### Handling Missing Values
<ul>
    <li>Dropping Columns</li>
    <li>Dropping Rows</li>
    <li>Various Parameter in Dropping Functionalities</li>
    <li>Handling Missing values by Mean, Median and Mode</li>
</ul>

In [14]:
from pyspark.sql import SparkSession
spark = SparkSession.builder.master('local[1]').appName('SparkPractice').getOrCreate()

In [15]:
data = spark.read.csv('test2.csv', header=True, inferSchema=True)

In [16]:
data.show(n=10)

+--------+----+-------+-------+
|    Name| Age|Address| Salary|
+--------+----+-------+-------+
|     Jay|  23|  Ajmer|  32000|
|  Manish|  19| Jaipur|  36450|
|    Oman|  11|  Ajmer|  61700|
|    Yuzi|  30|  Noida|  78200|
|Virendra|null|  Ajmer|  83000|
|   Viraj|  25| Mumbai|1012000|
|Shrijesh|  22|   null|  43230|
|  Ganesh|null|   null|  21000|
|Amrindra|  32| Panjab|   null|
|  Amisha|  23| Jaipur|  45010|
+--------+----+-------+-------+



In [17]:
### drop columns
data.drop('Address').show(n=3)

+------+---+------+
|  Name|Age|Salary|
+------+---+------+
|   Jay| 23| 32000|
|Manish| 19| 36450|
|  Oman| 11| 61700|
+------+---+------+
only showing top 3 rows



In [20]:
# drop null rows if any
data.dropna(how='any').show()

+------+---+-------+-------+
|  Name|Age|Address| Salary|
+------+---+-------+-------+
|   Jay| 23|  Ajmer|  32000|
|Manish| 19| Jaipur|  36450|
|  Oman| 11|  Ajmer|  61700|
|  Yuzi| 30|  Noida|  78200|
| Viraj| 25| Mumbai|1012000|
|Amisha| 23| Jaipur|  45010|
+------+---+-------+-------+



In [21]:
# drop rows if all null values
data.dropna(how='all').show()

+--------+----+-------+-------+
|    Name| Age|Address| Salary|
+--------+----+-------+-------+
|     Jay|  23|  Ajmer|  32000|
|  Manish|  19| Jaipur|  36450|
|    Oman|  11|  Ajmer|  61700|
|    Yuzi|  30|  Noida|  78200|
|Virendra|null|  Ajmer|  83000|
|   Viraj|  25| Mumbai|1012000|
|Shrijesh|  22|   null|  43230|
|  Ganesh|null|   null|  21000|
|Amrindra|  32| Panjab|   null|
|  Amisha|  23| Jaipur|  45010|
+--------+----+-------+-------+



In [23]:
### threshold in dropping (thresh=3 means atleast 3 non-null values then not drop)
data.dropna(thresh=3).show()

+--------+----+-------+-------+
|    Name| Age|Address| Salary|
+--------+----+-------+-------+
|     Jay|  23|  Ajmer|  32000|
|  Manish|  19| Jaipur|  36450|
|    Oman|  11|  Ajmer|  61700|
|    Yuzi|  30|  Noida|  78200|
|Virendra|null|  Ajmer|  83000|
|   Viraj|  25| Mumbai|1012000|
|Shrijesh|  22|   null|  43230|
|Amrindra|  32| Panjab|   null|
|  Amisha|  23| Jaipur|  45010|
+--------+----+-------+-------+



In [24]:
### Subset
data.dropna(how='any', subset=['Age']).show()

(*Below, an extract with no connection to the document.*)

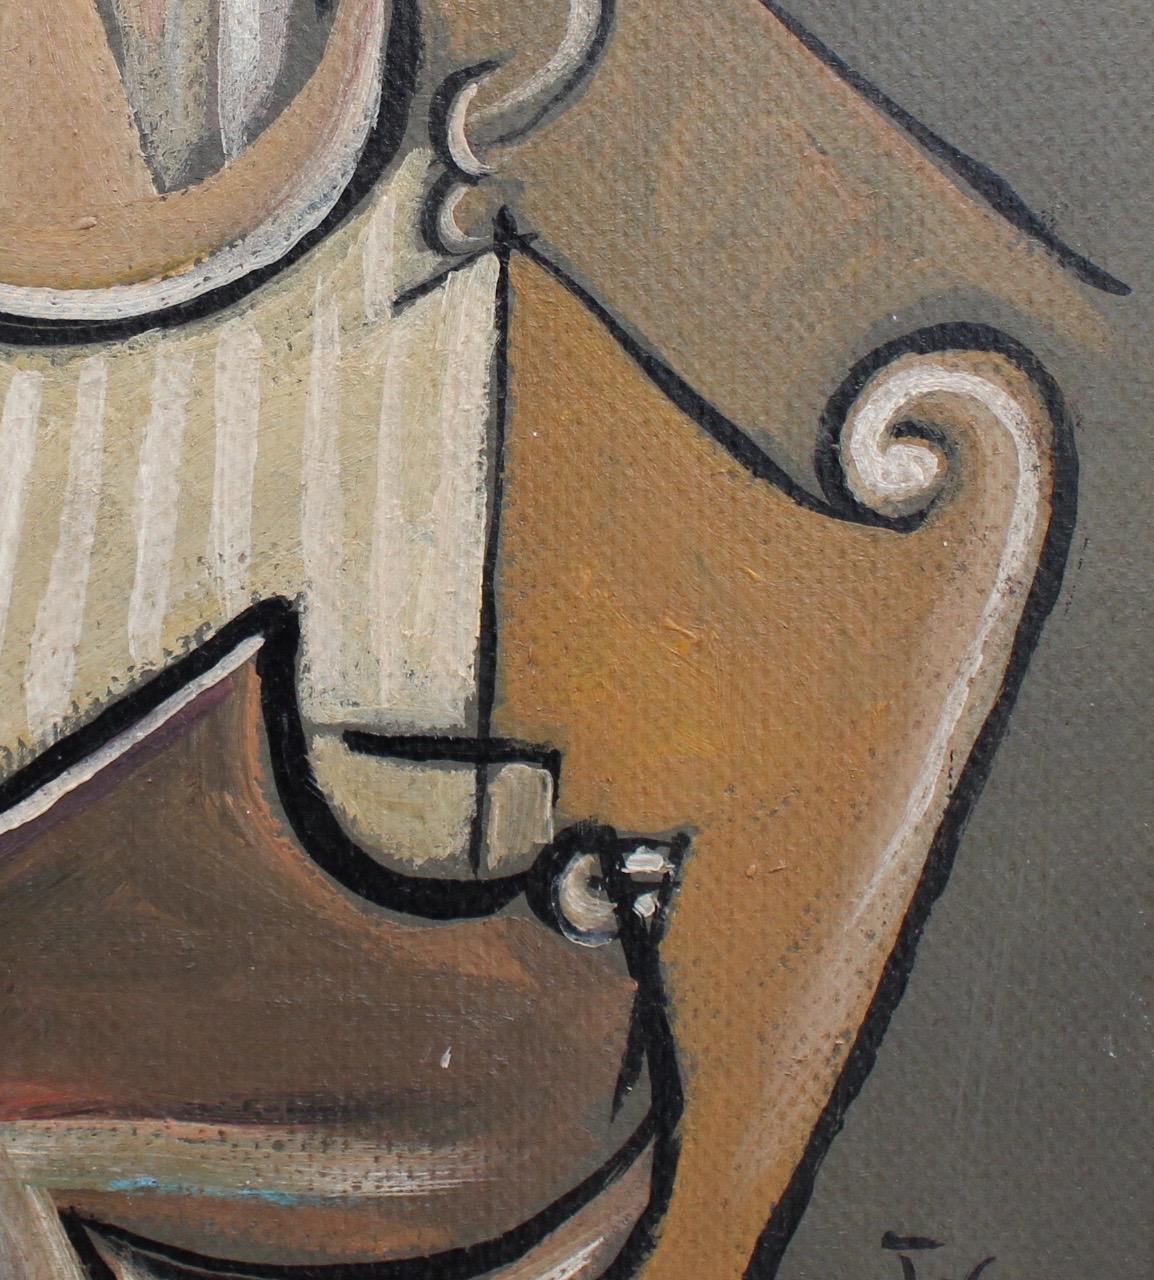 'Musician with Harp', oil on board, by artist with initials, J.G. (circa 1940s - 1960s). Clearly inspired by Georges Braque's (1882 - 1963) works, this painting is similar to experimental representations by both Braque and Picasso which challenged

+--------+---+-------+-------+
|    Name|Age|Address| Salary|
+--------+---+-------+-------+
|     Jay| 23|  Ajmer|  32000|
|  Manish| 19| Jaipur|  36450|
|    Oman| 11|  Ajmer|  61700|
|    Yuzi| 30|  Noida|  78200|
|   Viraj| 25| Mumbai|1012000|
|Shrijesh| 22|   null|  43230|
|Amrindra| 32| Panjab|   null|
|  Amisha| 23| Jaipur|  45010|
+--------+---+-------+-------+



In [29]:
### Filling missing values
data.fillna({'Age': 0, 'Address': 'Unknown', 'Salary': -1}).show()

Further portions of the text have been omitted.